Вздохнув, Волощук взялся за топор. Лицо его было озабоченно по-прежнему.

— К Руженцеву в правление свернул. Ну, теперь заварится?

Тимша смешливо фыркнул.

— Ох и франт!

— Вот те и франт… самое главное начальство.

Как он и предсказывал, Крохалев снова появился на стройке в сопровождении Руженцева. Велосипед вел как бычка за рога, делал вид, что в высшей степени недоволен всем, что видит вокруг.

— Буданский… не отдел строительства! Вчера — одни, сегодня — другие халтурщики. Так техническое руководство осуществлять невозможно.

— Ну, ты полегче, — предупреждающе бросил ему с подмостей Волощук. — Не засоряй воздух!

Руженцев попробовал объясниться по-хорошему:

— Это наши шефы. По согласованию с горкомом партии…

— Шефы, шефы, — перебил Крохалев и ткнул рукой простенок в двух-трех местах. — Разве так работают? Куда это годится?

Бревна в простенке горбились, выпирали. То ли неровный попался лес, то ли так уж тяп-ляп его срубили.

— А это как раз Косарь с Метелкиным партачили, — узнал Ненаглядов. — Мы и в акте отметили.

— Знать ничего не хочу, — непререкаемо заартачился Крохалев. — Переделывайте. Иначе не приму…

— Ну, что уж теперь, — по праву хозяина попытался уговорить его Руженцев. — Зачистят и ладно. Не перебирать же половину простенка.
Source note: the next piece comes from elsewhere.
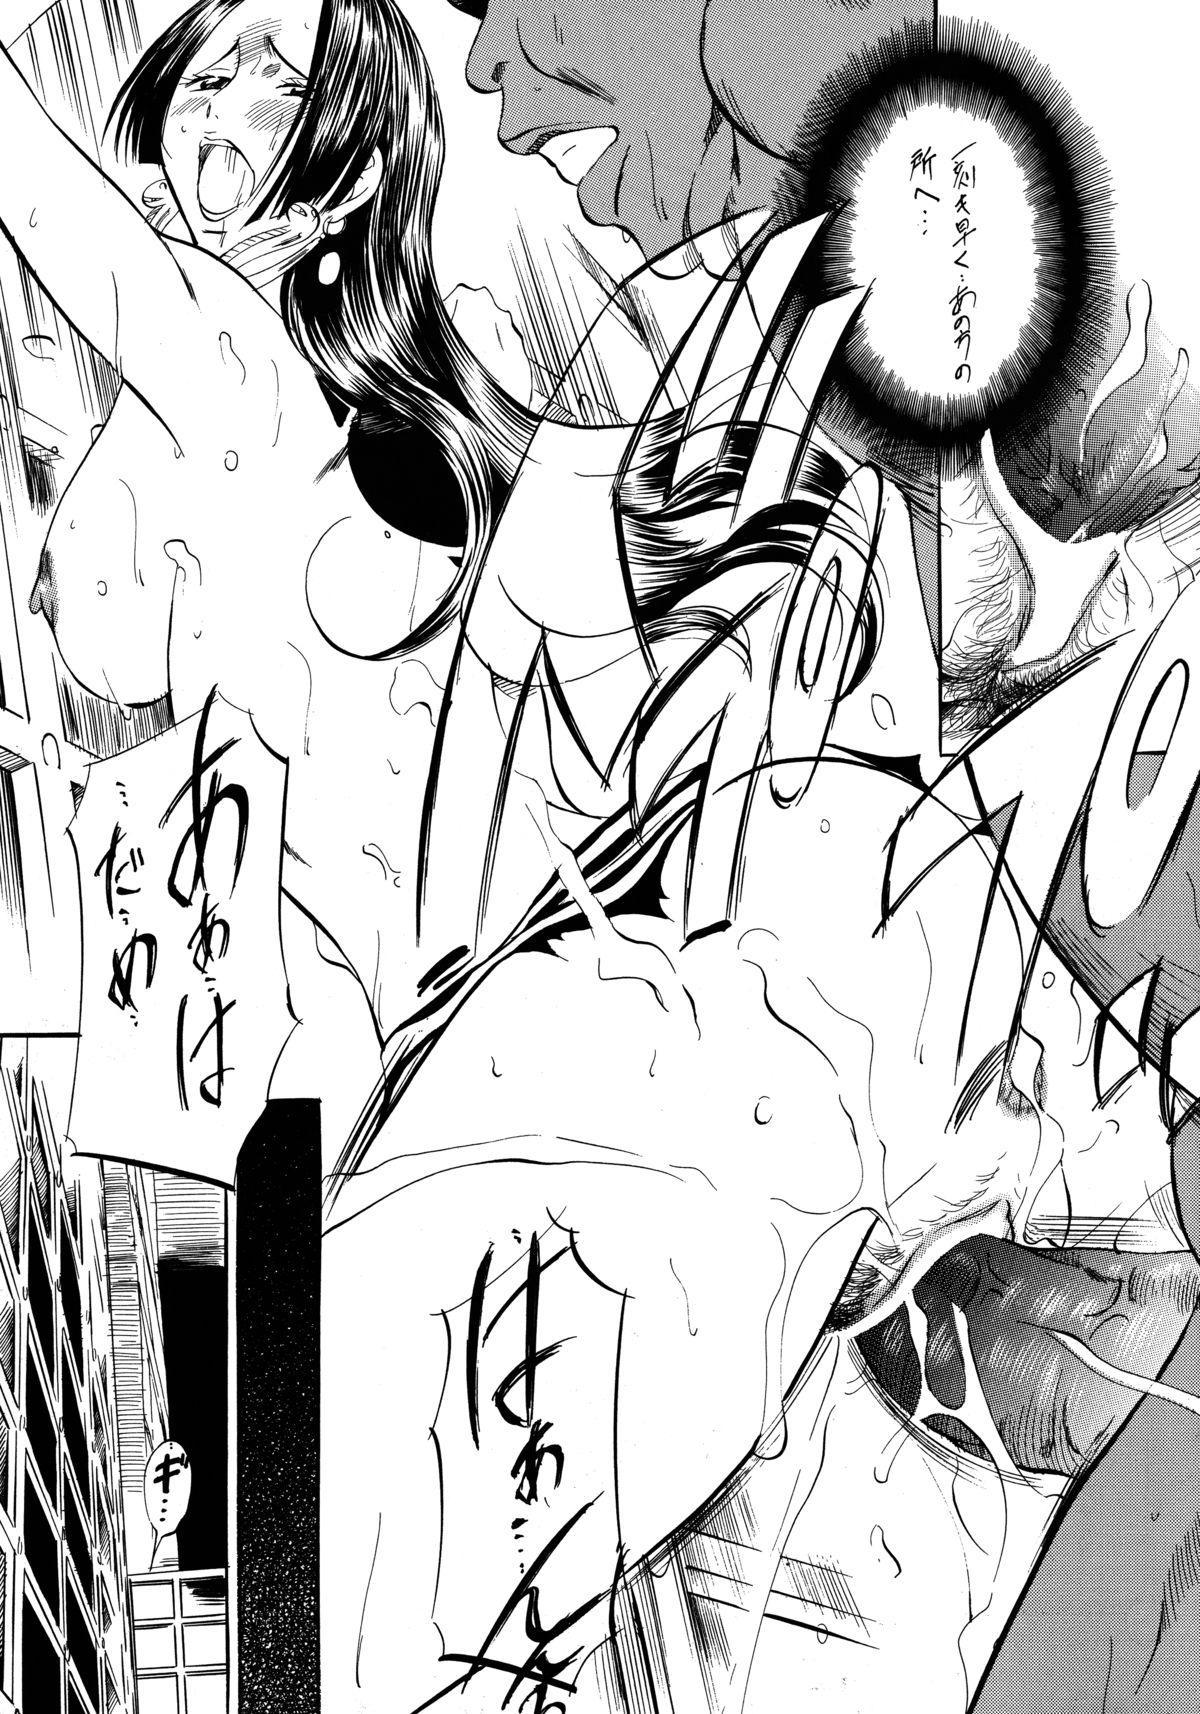 "[Busou Megami (Kannaduki Kanna)] Busou Megami Archives Series 1 ""Piece of Girl's ~Hancock Hen~"" (One Piece) 28"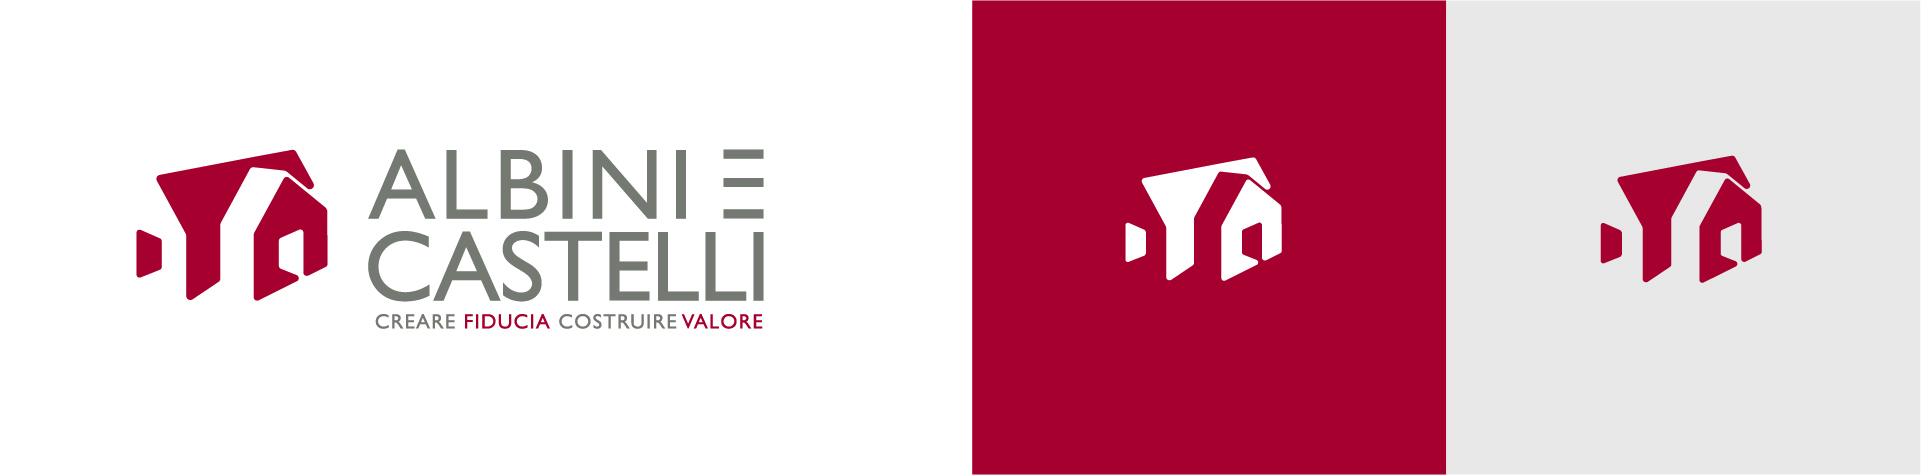 KFDS - Albini e Castelli Case Study Logo

— Нет-нет, — Крохалев то ли срывал раздражение, то ли в самом деле решил не снижать технических требований. — Перебирайте немедленно!

Волощук плюнул и, поддевая топором бревно за бревном, стал расшвыривать злополучный простенок.

— А ну, берегись — зашибет!

Сорвавшееся бревно с глухим стуком упало на землю, покатилось под ноги стоявшим. Крохалев отскочил и, ни слова не говоря, бросился назад в правление.

— Сегодня — одни, завтра — другие, — ворчливо повторял он по дороге. — А отдел строительства? А договор?..

Он ждал, что Руженцев, как обычно, позовет его на яичницу, чтобы замять случившееся, но тот и не подумал. Кутузовское веко хмуро прикрывало правый глаз, на губах застыла брезгливая, невеселая усмешка.

— Договор по́боку, раз такое дело, — отозвался он. — А нового не нужно. Шефы и без него…

Простенок перебрали. Пока Волощук с Тимшей исправляли чужую работёшку, Ненаглядов тесал стропила.

«Вчетвером работалось бы куда быстрей, — думал Тимша. — Как никак, в две пары. — И костерил Косаря: — Хапуга! Сколько ни старались, а верно — черного кобеля не отмоешь…»

Словно чувствуя это, Волощук отмалчивался, делал вид, что ничего не произошло. До вчерашнего он еще надеялся — Косарь, как всегда, подурит-подурит и одумается. Дружба его, хотя и не давала ничего, но Волощук искренне жалел, что тот откололся, ушел из смены и вряд ли вернется снова.

— Не надо, бригадир, — видя, что Волощук все еще не сладит с собой, попытался утешить Тимша. — Никудовый он друг-товарищ! Чего жалеть?

Сам того не желая, он нечаянно задел не отболевшее.

— Зелен ты еще, ежели так рассуждаешь, — оборвал его Волощук. — Мало штыбу нюхал…

— Да ведь мы же за коммунистическое званье боремся, — нисколько не обиделся тот. — А Косарь у нас вроде хомута.

Все это было справедливо и тем не менее ни в чем не разубеждало. Волощук и сам сказал бы так при необходимости.

— Тебе он — хомут, а я с ним не один день, — тоскливо вспомнил он. — И во время аварии вместе…

Давнее увлечение бригадиром не мешало Тимше видеть в нем и другое — бесхарактерность по отношению к старому дружку, точно Волощук боялся, что, потеряв его, потеряет вдруг такое, чего не найдет ни в ком другом. Хотелось от всей души помочь ему, но как — Тимша не знал.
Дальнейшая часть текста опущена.